In a 2010 SF Weekly essay, journalist Matt Smith states:
It's worth recalling that Harris was recently lambasted by a judge for hiding the extent of an evidence-handling scandal at the San Francisco Police Department crime lab, and for ignoring her constitutional obligation to turn over to defense attorneys the criminal histories of police testifying at trial.
Did Harris merely misinterpret the law? Or does she have a penchant for secrecy?
On April 21, just as controversy was heating up over the Vatican's role in the global sex abuse scandal, Harris' deputy, Paul Henderson, responded to my request by stating that Harris' investigative files were not subject to California's government transparency laws; her office essentially enjoys a blanket secrecy privilege.
I sent Henderson's arguments to California Newspaper Publishers Association legal counsel Jim Ewert. "That's flatly untrue," he said. The District Attorney's office "can release them if they want to. But they have decided not to."

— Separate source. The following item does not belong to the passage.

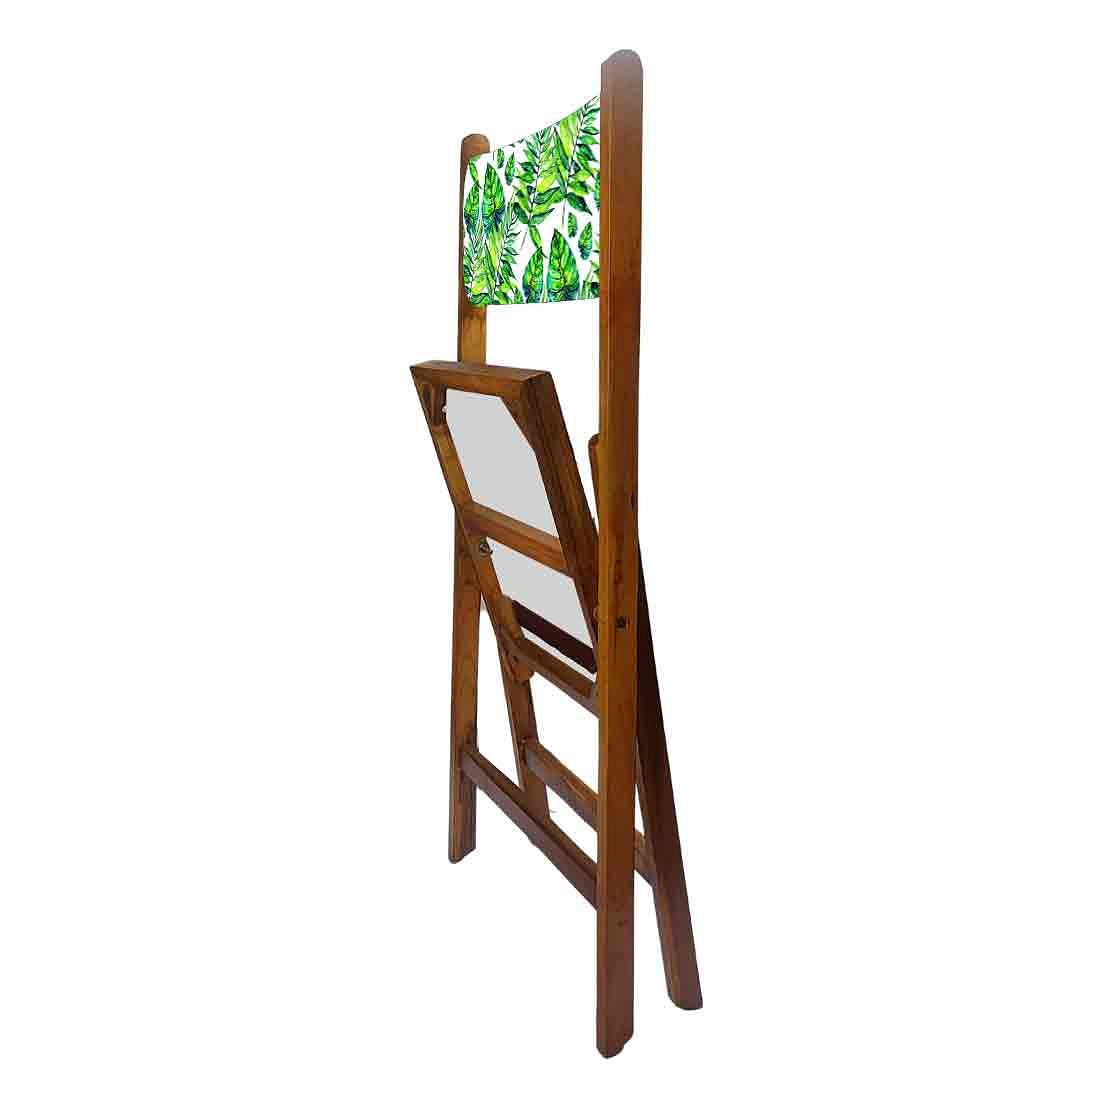 Nutcase Wooden Chairs For Balcony Patio - Light Green Leaves Nutcase

The Canada Free Press reported in September that Harris' anti-Catholic and pro-abortion politics extends to retaliating against groups attempting to expose Planned Parenthood's sale of aborted children:
As California Attorney General Kamala Harris ordered a raid on the home of David Daledin [sic], who in 2015 exposed Planned Parenthood officials openly discussing buying and selling the body parts and organs from aborted babies for research. ... Rather than opening an investigation into Planned Parenthood for trafficking in human body parts, California's then-Attorney General Kamala Harris, a Democrat, filed charges against the undercover investigators, David Daleiden and Sandra Merritt of the Center for Medical Progress. Harris ordered Daleiden's home to be raided, and using 11 agents, confiscated video research and evidence, in an attempt to prevent millions of people from seeing what actually goes on inside Planned Parenthood.